This indicates that there is class imbalance of about 1 to 30. 

## Creating simplified data sets for  experimentation

### Random sampling of the test set

Now I will create take a sample of this dataset to work with during experimentation.

In [18]:
# randomly sample the date without replacement
train_s = train.sample(frac=0.1, axis=0)   

In [19]:
assert train_s.columns.shape[0]==train.columns.shape[0] 

In [20]:
train_s.to_csv(path/'train_s.csv')

### Simplfication of data set

In [21]:
# train_s = pd.read_csv(path/'train_s.csv', index_col=[0], low_memory=False)
# test = pd.read_csv(path/'test.csv', index_col=[0], low_memory=False)

In [23]:
train_s.shape, test.shape

((59054, 434), (506691, 433))

In [15]:
train_s.columns

Index(['TransactionID', 'isFraud', 'TransactionDT', 'TransactionAmt',
       'ProductCD', 'card1', 'card2', 'card3', 'card4', 'card5',
       ...
       'id_31', 'id_32', 'id_33', 'id_34', 'id_35', 'id_36', 'id_37', 'id_38',
       'DeviceType', 'DeviceInfo'],
      dtype='object', length=434)

To simplify the dataset I will drop every collumn that records a Vxxx feature.
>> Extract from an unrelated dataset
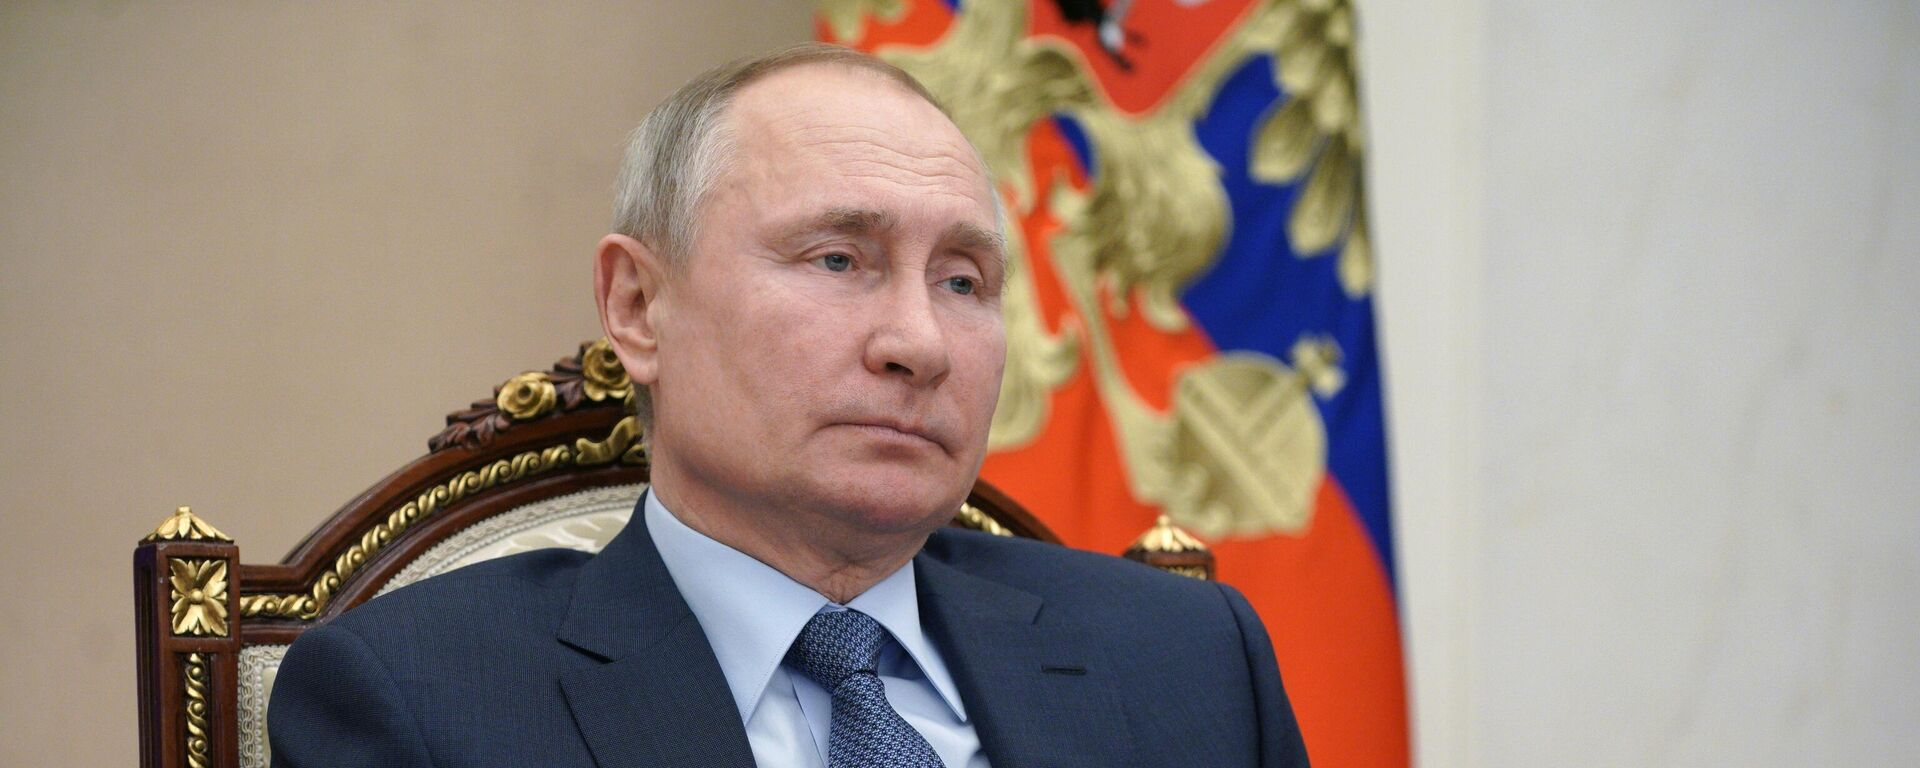 Vladímir Putin, presidente ruso - Sputnik Mundo, 1920, 10.03.2021

There are over 339 such features many of which are highkly correllated.

In [16]:
train_ss = train_s.drop(list(train_s.filter(regex = 'V')), axis = 1)

In [17]:
assert len(train_ss.columns)==len(train_s.columns) - 339

In [18]:
train_ss.columns

Index(['TransactionID', 'isFraud', 'TransactionDT', 'TransactionAmt',
       'ProductCD', 'card1', 'card2', 'card3', 'card4', 'card5', 'card6',
       'addr1', 'addr2', 'dist1', 'dist2', 'P_emaildomain', 'R_emaildomain',
       'C1', 'C2', 'C3', 'C4', 'C5', 'C6', 'C7', 'C8', 'C9', 'C10', 'C11',
       'C12', 'C13', 'C14', 'D1', 'D2', 'D3', 'D4', 'D5', 'D6', 'D7', 'D8',
       'D9', 'D10', 'D11', 'D12', 'D13', 'D14', 'D15', 'M1', 'M2', 'M3', 'M4',
       'M5', 'M6', 'M7', 'M8', 'M9', 'id_01', 'id_02', 'id_03', 'id_04',
       'id_05', 'id_06', 'id_07', 'id_08', 'id_09', 'id_10', 'id_11', 'id_12',
       'id_13', 'id_14', 'id_15', 'id_16', 'id_17', 'id_18', 'id_19', 'id_20',
       'id_21', 'id_22', 'id_23', 'id_24', 'id_25', 'id_26', 'id_27', 'id_28',
       'id_29', 'id_30', 'id_31', 'id_32', 'id_33', 'id_34', 'id_35', 'id_36',
       'id_37', 'id_38', 'DeviceType', 'DeviceInfo'],
      dtype='object')

In [19]:
train_ss.to_csv(path/'train_ss.csv')

## Data processing steps

### Assign order to ordinals

There does not appear to be any identifiable ordinal variables amoung the catergorical variables in the dataset.

## Handling dates

The only place where there is datetime info is the TransactionDT collumn. It's possible to turn this delta into a datetime (assuming units are seconds as indicated by some on the disscussion board) by choosing a starting point. [example](https://www.kaggle.com/nroman/eda-for-cis-fraud-detection). I will train my first models without doing that.

Next need to add datepart (i think it's important for parts of this that the correct start date is used)